When Rustin and Randolph organized the March on Washington for Jobs and Freedom in 1963, Senator Strom Thurmond railed against Rustin as a "Communist, draft-dodger, and homosexual" and produced an FBI photograph of Rustin talking to King while King was bathing, to imply that there was a homosexual relationship between the two. Both men denied the allegation of an affair, but despite King's support, NAACP chairman Roy Wilkins did not allow Rustin to receive any public recognition for his role in planning the march.

After passage of the 1964 Civil Rights Act and 1965 Voting Rights Act, Rustin advocated closer ties between the civil rights movement and the Democratic Party and its labor activist base. Rustin was an early supporter of President Lyndon Johnson's Vietnam policy, but as the war escalated and began to supersede Democratic programs for racial reconciliation and labor reform, Rustin returned to his pacifist roots.

Throughout the 1970s and 1980s, Rustin worked as a human rights and election monitor for Freedom House. He also testified on behalf of New York State's Gay Rights Bill and, in 1986, claimed that the gay and lesbian community had become the "barometer" of human rights because it is "the community which is most easily mistreated."
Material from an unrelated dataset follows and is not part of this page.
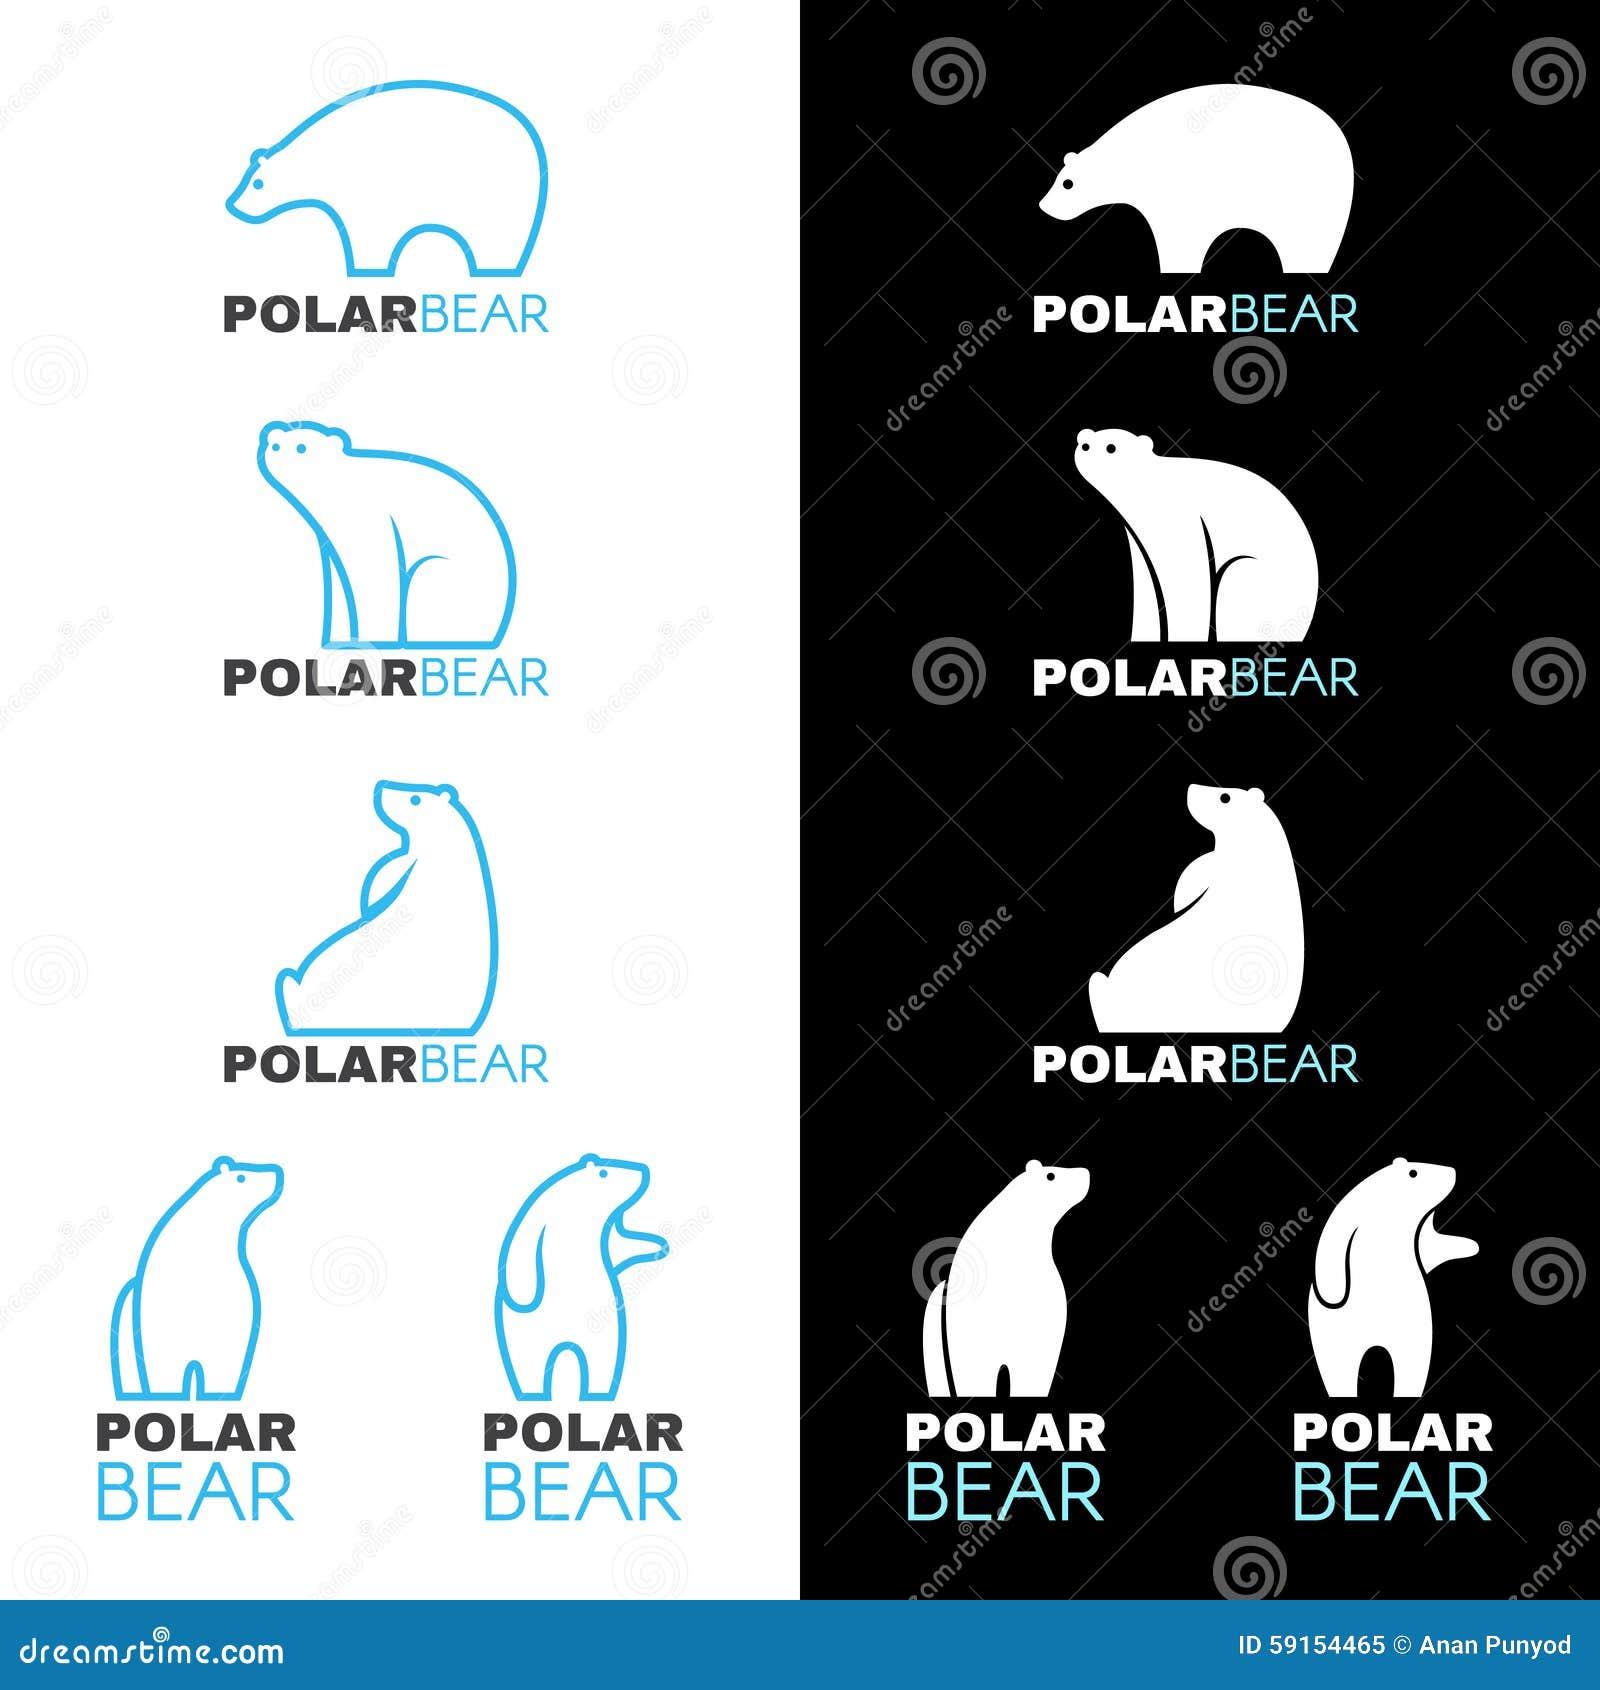 Polar Bear Graphic Design

Rustin died on August 24, 1987, of a perforated appendix.

A new public high school of the West Chester Area School District, in Westtown, PA near the Quaker-run Westtown School, bearing his name opened in September 2006, Rustin High School.

Rustin's work with Dr. Martin Luther King, Jr. In 1963 in the days preceding the March on Washington, Senator Strom Thurmond produced a photograph of Rustin talking to a bathing MLK Jr.

Rustin also worked for New York State's gay rights bill.

In September 2006 a new high school named after Rustin opened in his home town. The school has posted a bio for him on its website that deletes any mention of his work for gay rights, his belief as a founding member of the civil rights movement that gay rights were part of the civil rights movement, or that he was openly gay at all.

Trivia

Just before a trip to Africa, while college secretary of the F.O.R., Rustin recorded a 10" LP for "Fellowship Records."